A runaway transition after the pump power interruption and the simultaneous guide vane servomotor failure is one of the most dangerous and complex transitions for a pumped storage power system (PSPS). This paper analyzes the fluctuation behavior and mechanism of a PSPS during a runaway transition caused by the pump power interruption. The transient cavitation flow in the PSPS is simulated by using a one-dimensional and three-dimensional coupling flow simulation method for the runaway transition. Subsequently, the effects of the transient fluctuation of the radial hydraulic thrust on the runner and transient pressures are analyzed using the short-time Fourier transform method. Finally, the mechanisms are analyzed based on the analysis of the internal flow field. This study suggests that the extreme fluctuation generally occurs near the critical transformation points between the two operation modes. In addition, the extreme fluctuation behavior is primarily related to the local backflow near the runner inlet and the unstable cavitation phenomena in the runner and the draft tube. This finding helps for optimizing the runner design to resolve the instability problems of a PSPS.

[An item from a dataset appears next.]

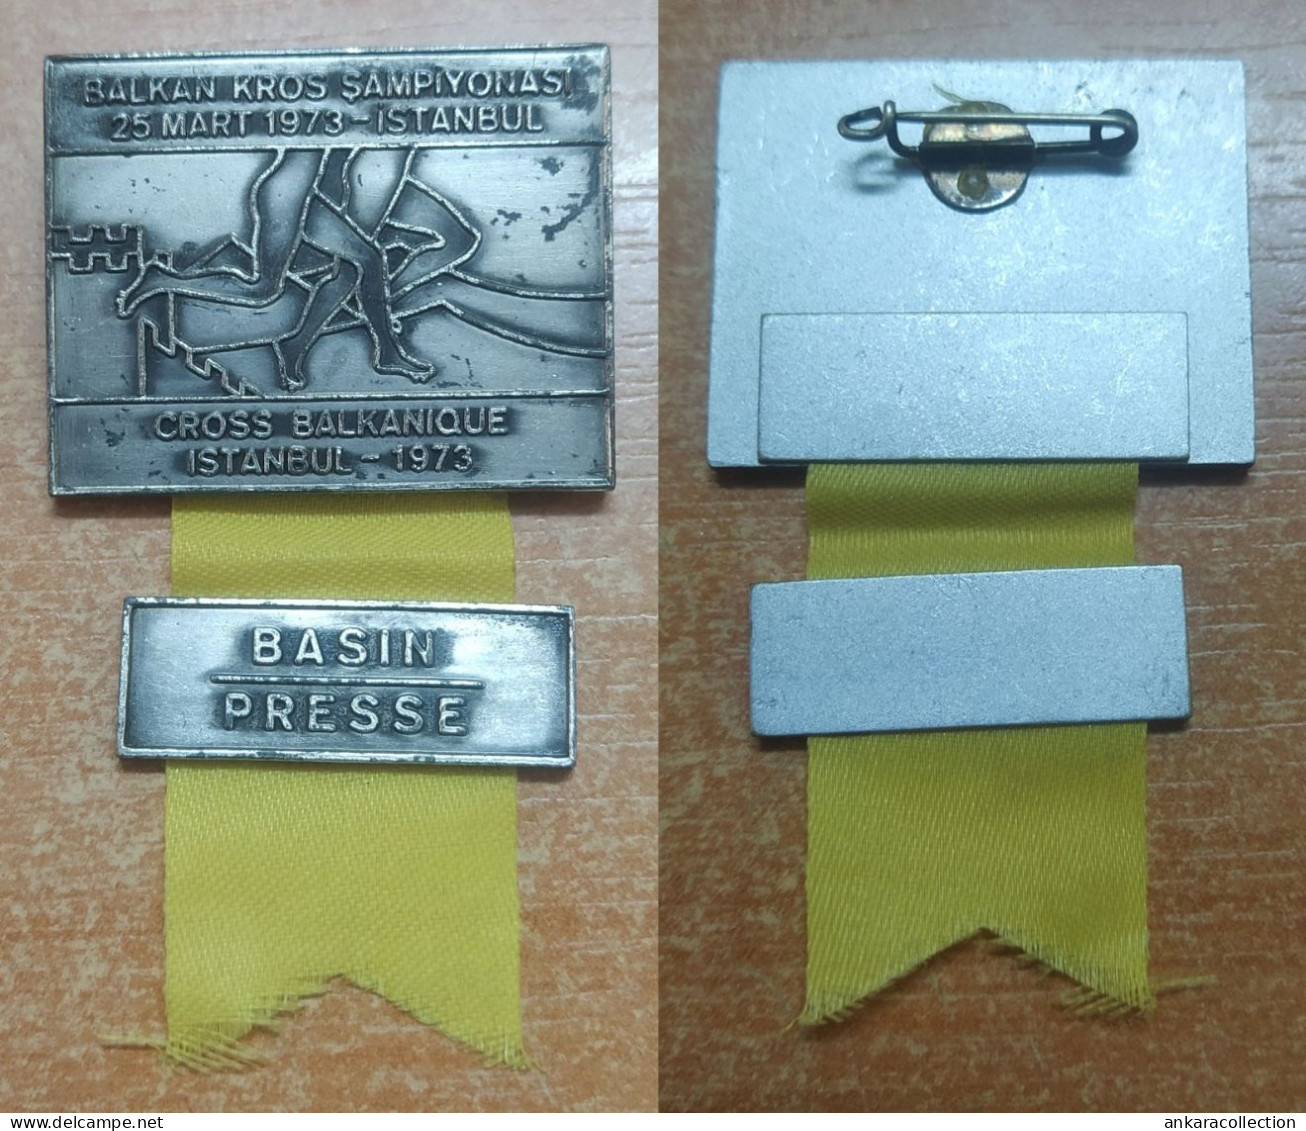 AC -  BALKAN CROSS COUNTRY CHAMPIONSHIPS 25 MARCH 1973 ISTANBUL PRESS BADGE PIN - Habillement, Souvenirs & Autres

泵电源中断和导叶伺服电机同时发生故障后的失控过渡是抽水蓄能发电系统 (PSPS) 最危险和最复杂的过渡之一。本文分析了PSPS在泵电源中断引起的失控过渡过程中的波动行为和机制。PSPS中的瞬态空化流是采用一维和三维耦合流模拟方法对失控过渡进行模拟的。随后，利用短时傅里叶变换方法分析了径向水推力瞬态波动对转轮和瞬态压力的影响。最后，在分析内部流场的基础上，对机理进行了分析。这项研究表明，极端波动通常发生在两种运行模式之间的临界转变点附近。此外，极端波动行为主要与转轮入口附近的局部回流以及转轮和导流管内不稳定的空化现象有关。这一发现有助于优化流道设计以解决 PSPS 的不稳定性问题。